> **DESCRIPTION OF THE TASK**
In the entries below, find the line with "Men's Gregory Hand-Tailored Striped Trousers" and the line with "Embroidered Logo Cap--Gray". Reproduce those two lines and every line between them exactly, and nothing more.
Top of DATASET EXTRACT
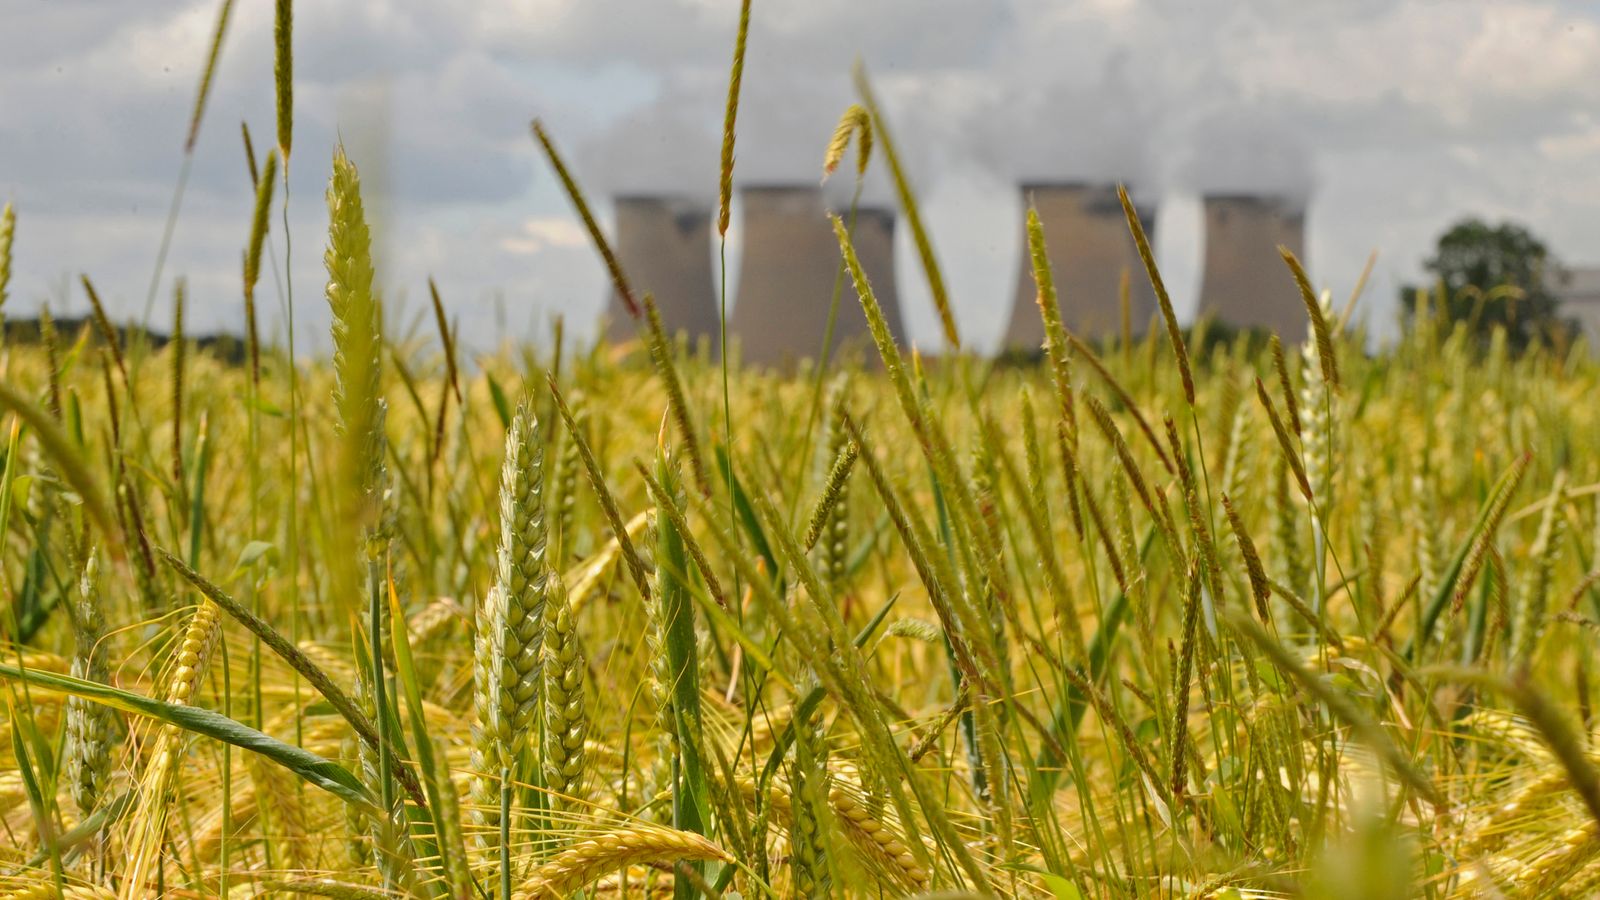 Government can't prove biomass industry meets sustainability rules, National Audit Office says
Bottom of DATASET EXTRACT
Top of DATASET EXTRACT
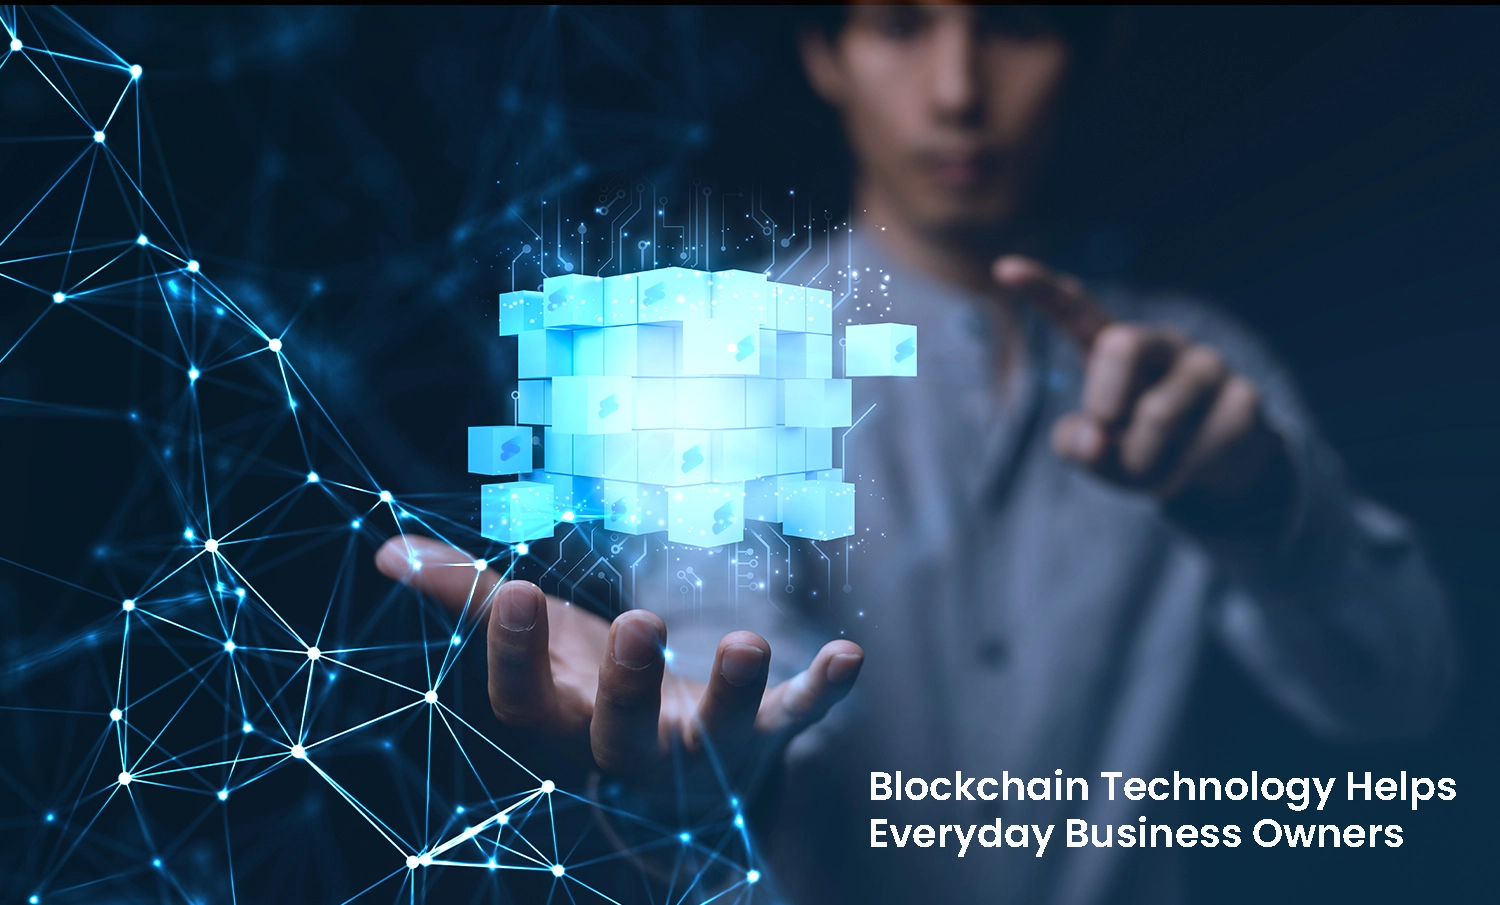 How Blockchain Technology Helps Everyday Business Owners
Bottom of DATASET EXTRACT
Top of DATASET EXTRACT
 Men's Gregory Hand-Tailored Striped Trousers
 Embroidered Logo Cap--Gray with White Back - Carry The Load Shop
Bottom of DATASET EXTRACT
> **FINISHED EXERCISE**
 Men's Gregory Hand-Tailored Striped Trousers
 Embroidered Logo Cap--Gray with White Back - Carry The Load Shop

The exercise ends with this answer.